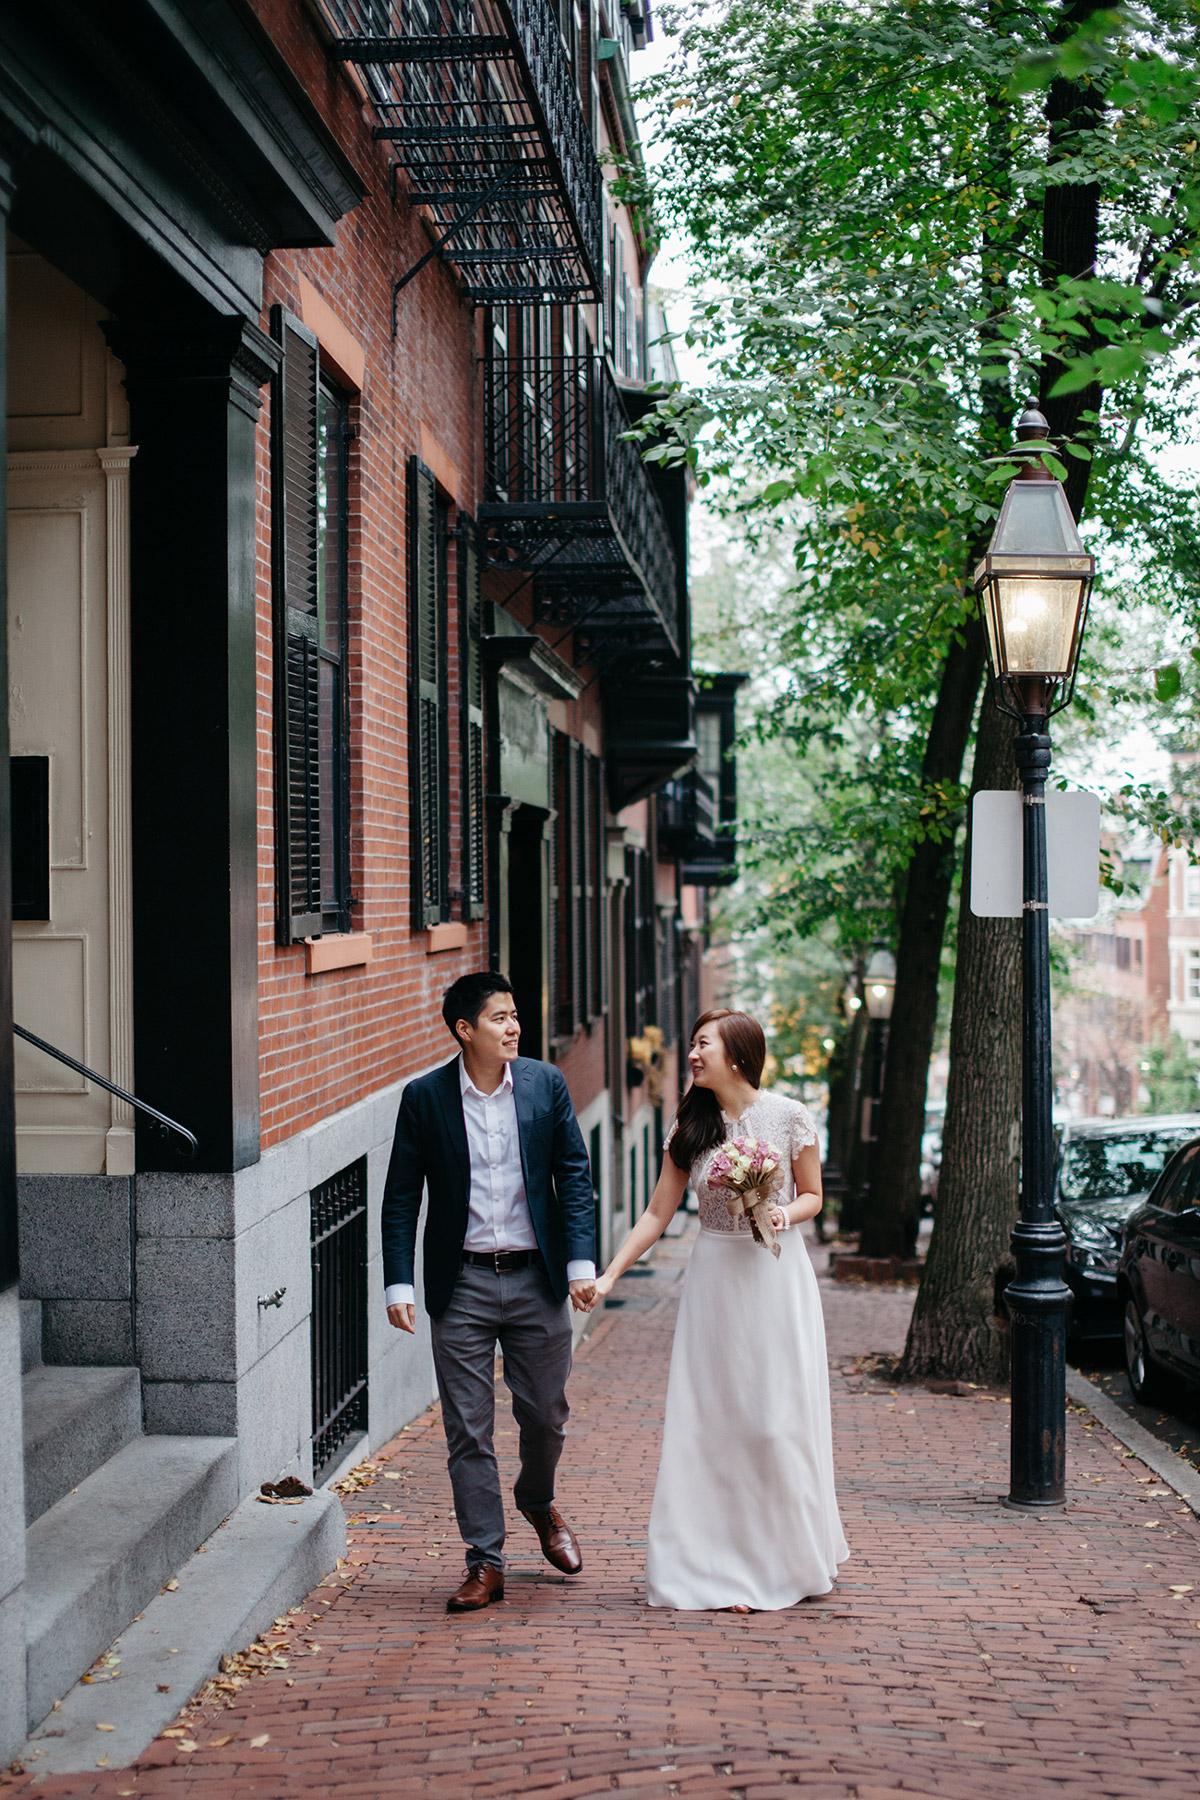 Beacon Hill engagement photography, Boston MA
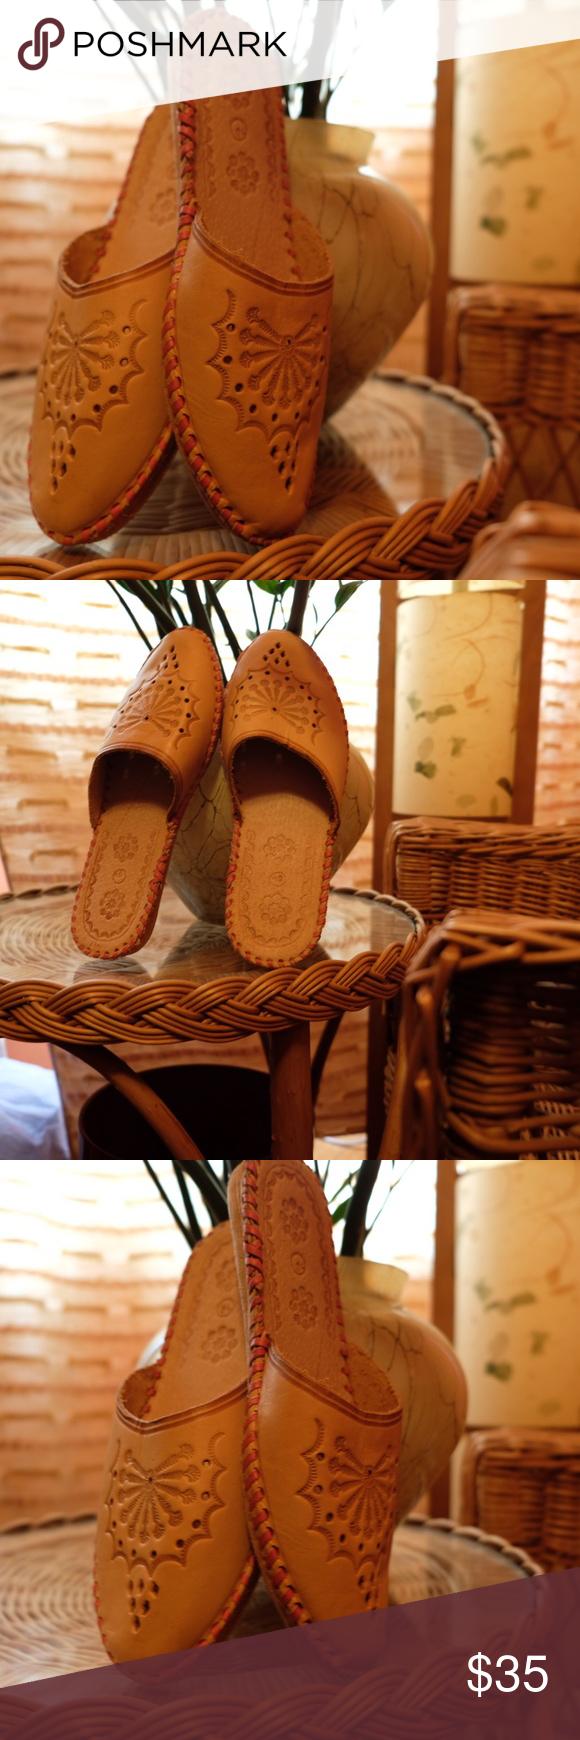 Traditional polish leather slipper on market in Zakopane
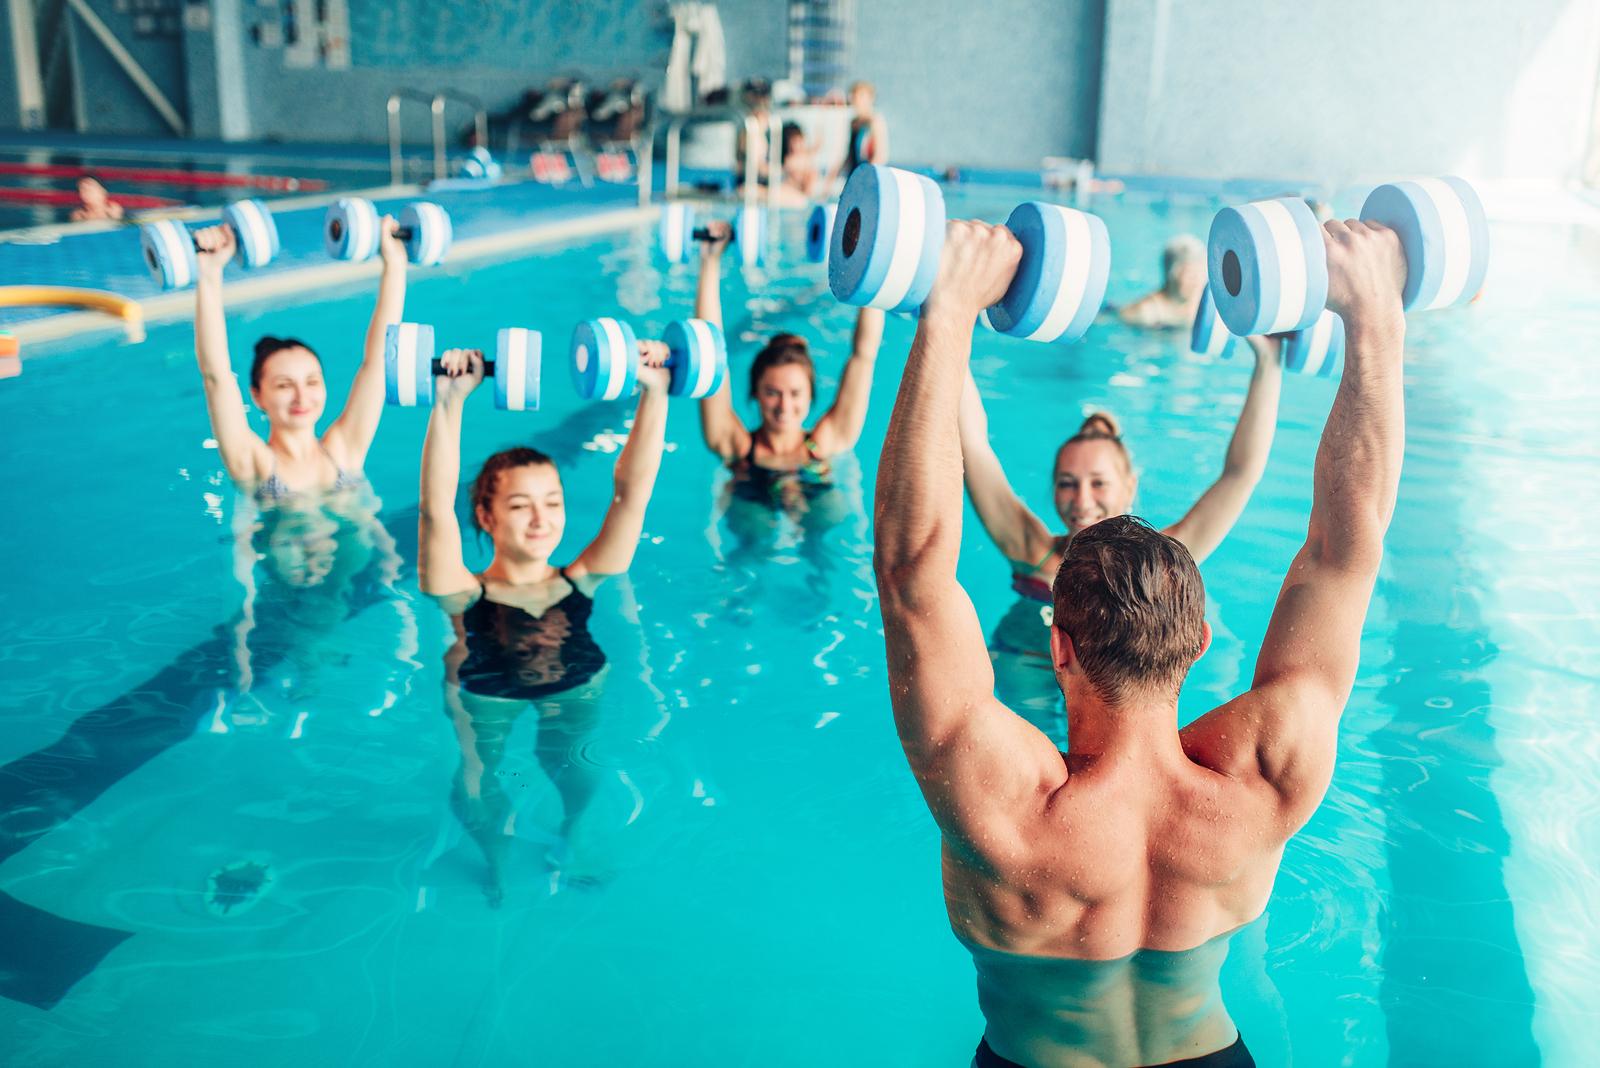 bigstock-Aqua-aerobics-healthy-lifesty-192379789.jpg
───
> [Work order]: Reproduce the data word for word, excluding its pictures.

> [Written answer]:
 Beacon Hill engagement photography, Boston MA
 Traditional polish leather slipper on market in Zakopane
 bigstock-Aqua-aerobics-healthy-lifesty-192379789.jpg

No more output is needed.